From Chief Economist Nariman Behravesh

The global economy started 2018 with strong, synchronized growth, but the momentum faded as the year progressed and growth trends diverged. Notably, the economies of the eurozone, the United Kingdom, Japan, and China began to weaken. In contrast, the US economy accelerated, thanks to fiscal stimulus. These divergent trends will persist in 2019. US economic growth will remain above trend, while other key economies will experience further deceleration. As a result, IHS Markit predicts that global growth will edge down from 3.2% in 2018 to 3.0% in 2019-and will keep decelerating over the next few years. One major risk in the coming year is the sharp drop-off in world trade growth, which fell from a pace of above 5% at the beginning of 2018 to nearly zero at the end. The risk of an escalation in trade conflicts remains elevated.
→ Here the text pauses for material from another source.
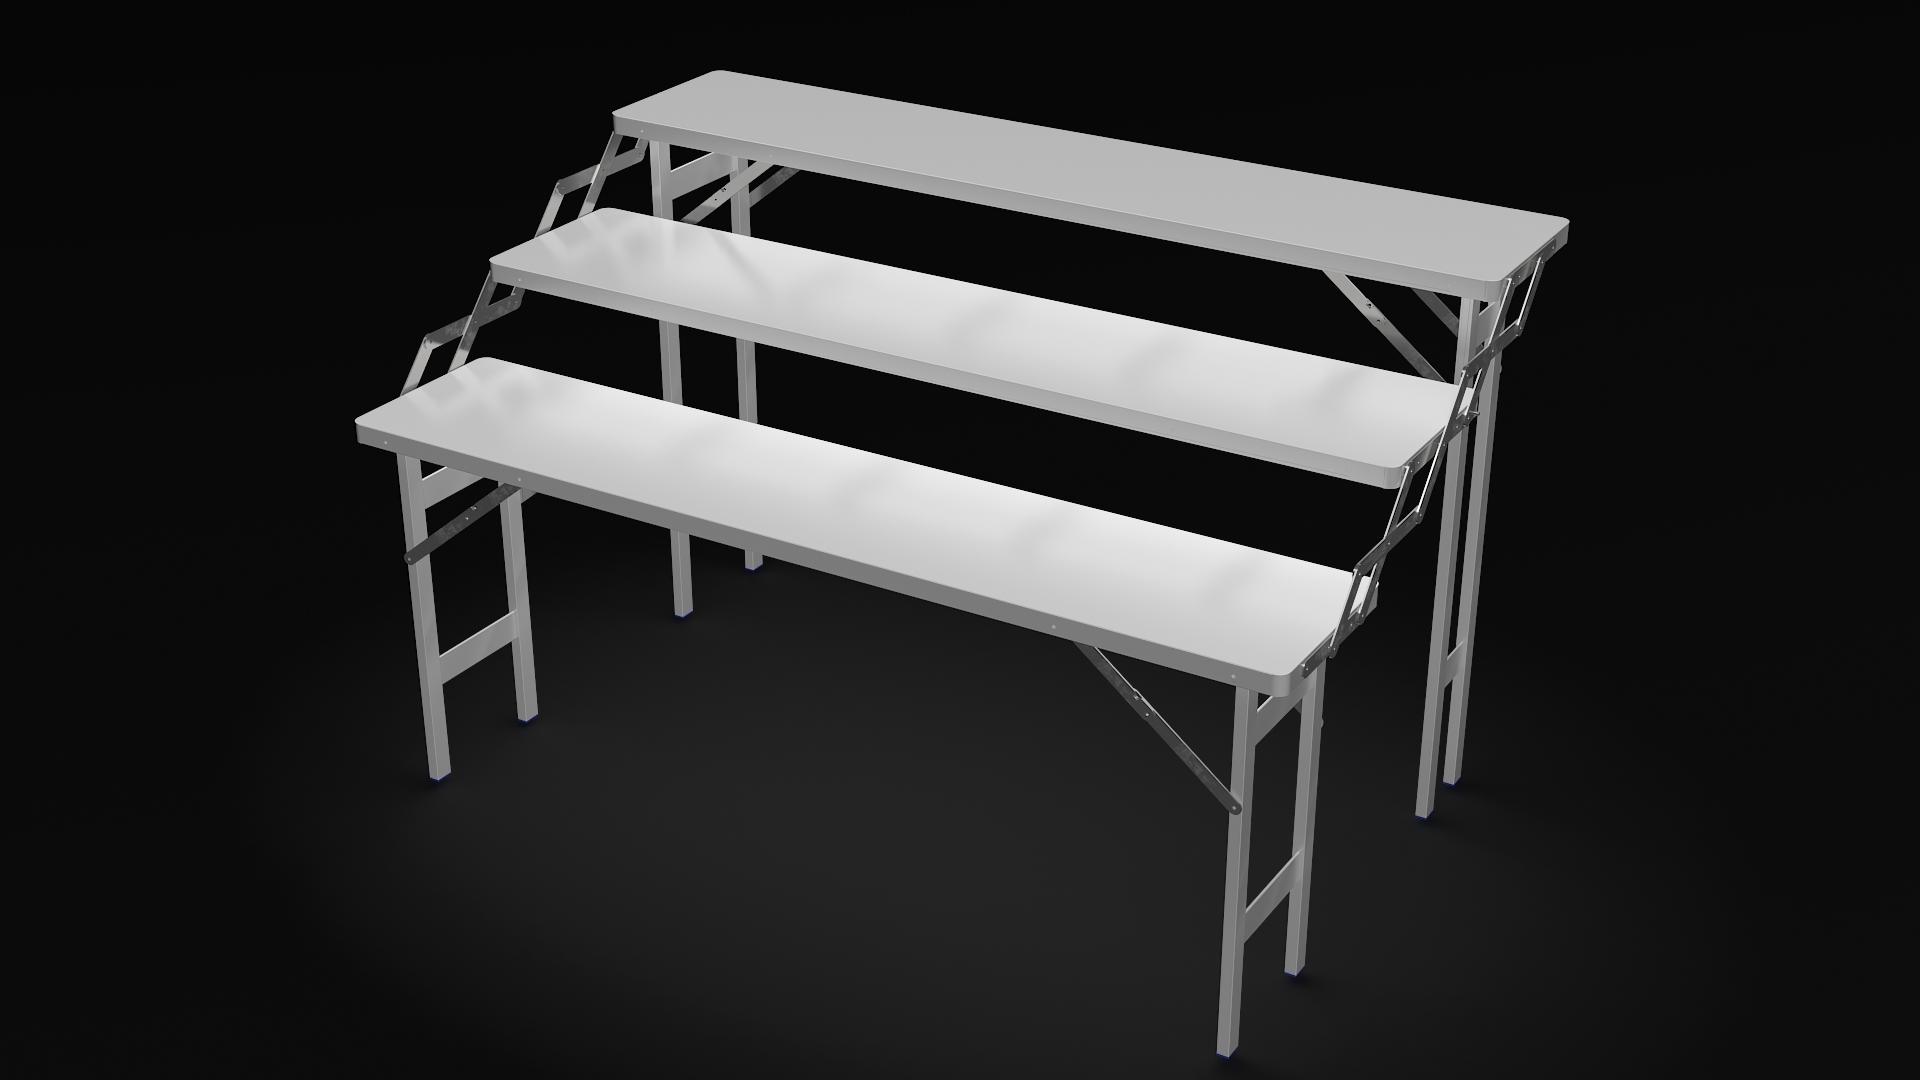 table en alu escalier 3 niv tbl3n wongleon fr fabricant de parasols et materiel forain. Black Bedroom Furniture Sets. Home Design Ideas
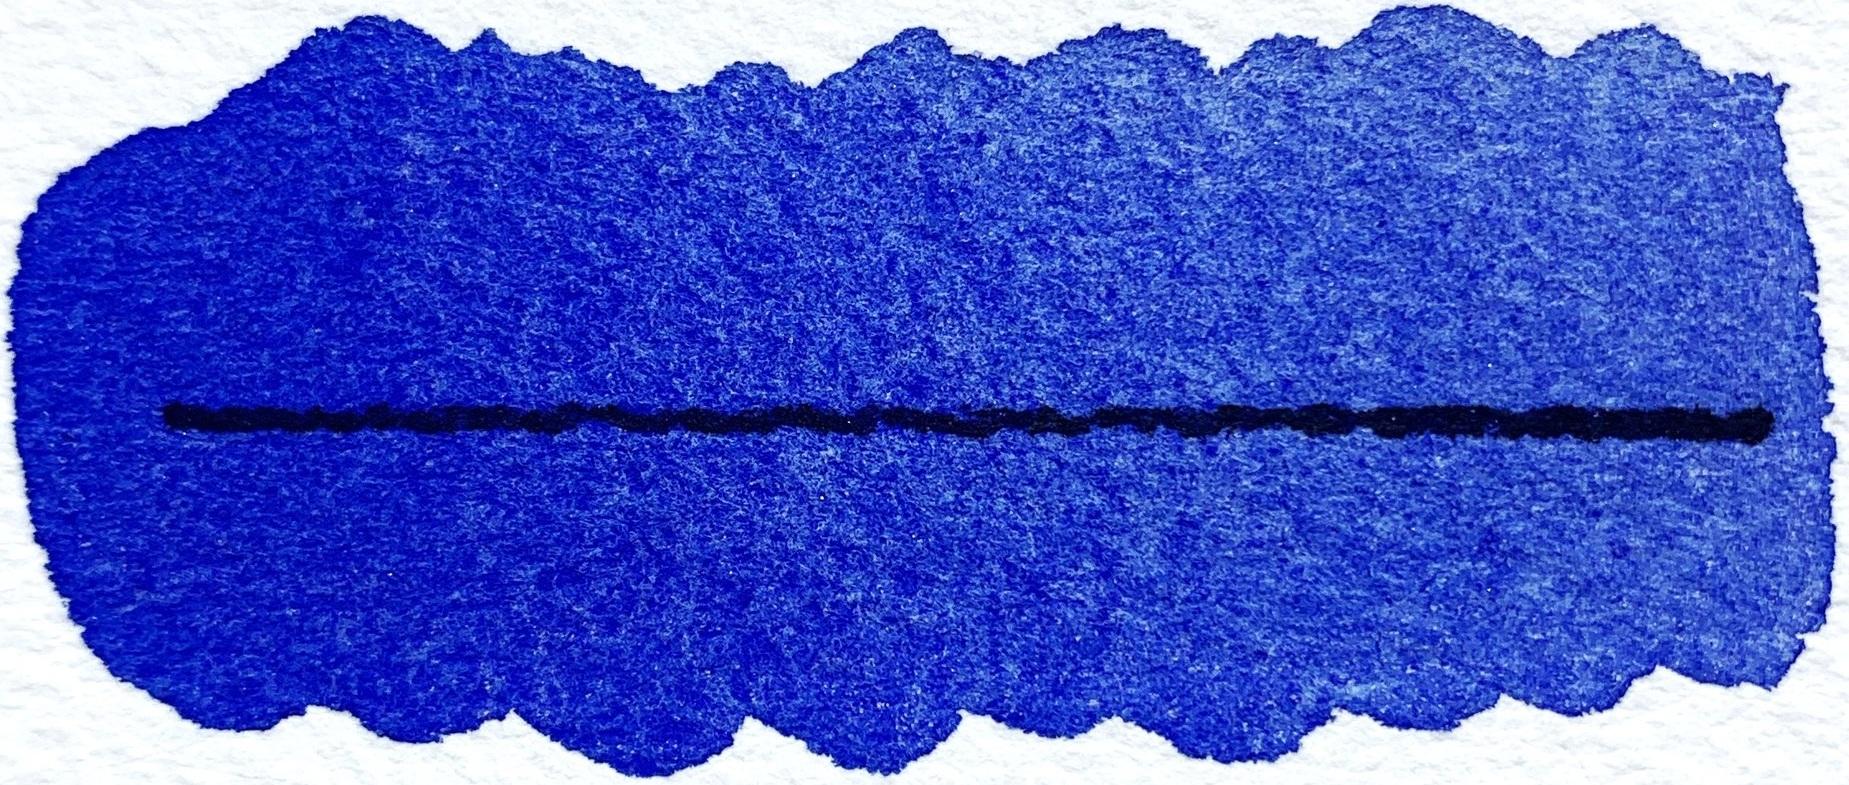 Ultramarine Blue - PB29, semitransparent, excellent lightfastness, staining

If such an escalation were to occur, a contraction in world trade could slow the world economy even more. At the same time, the sell-off in equity and commodity markets, on top of the gradual removal of accommodation by some central banks, means that financial conditions worldwide are tightening. Combined with heightened political uncertainty in many parts of the world, these risks point to the increased vulnerability of the global economy to further shocks and the greater probability of a recession in the next few years-although still relatively low in 2019.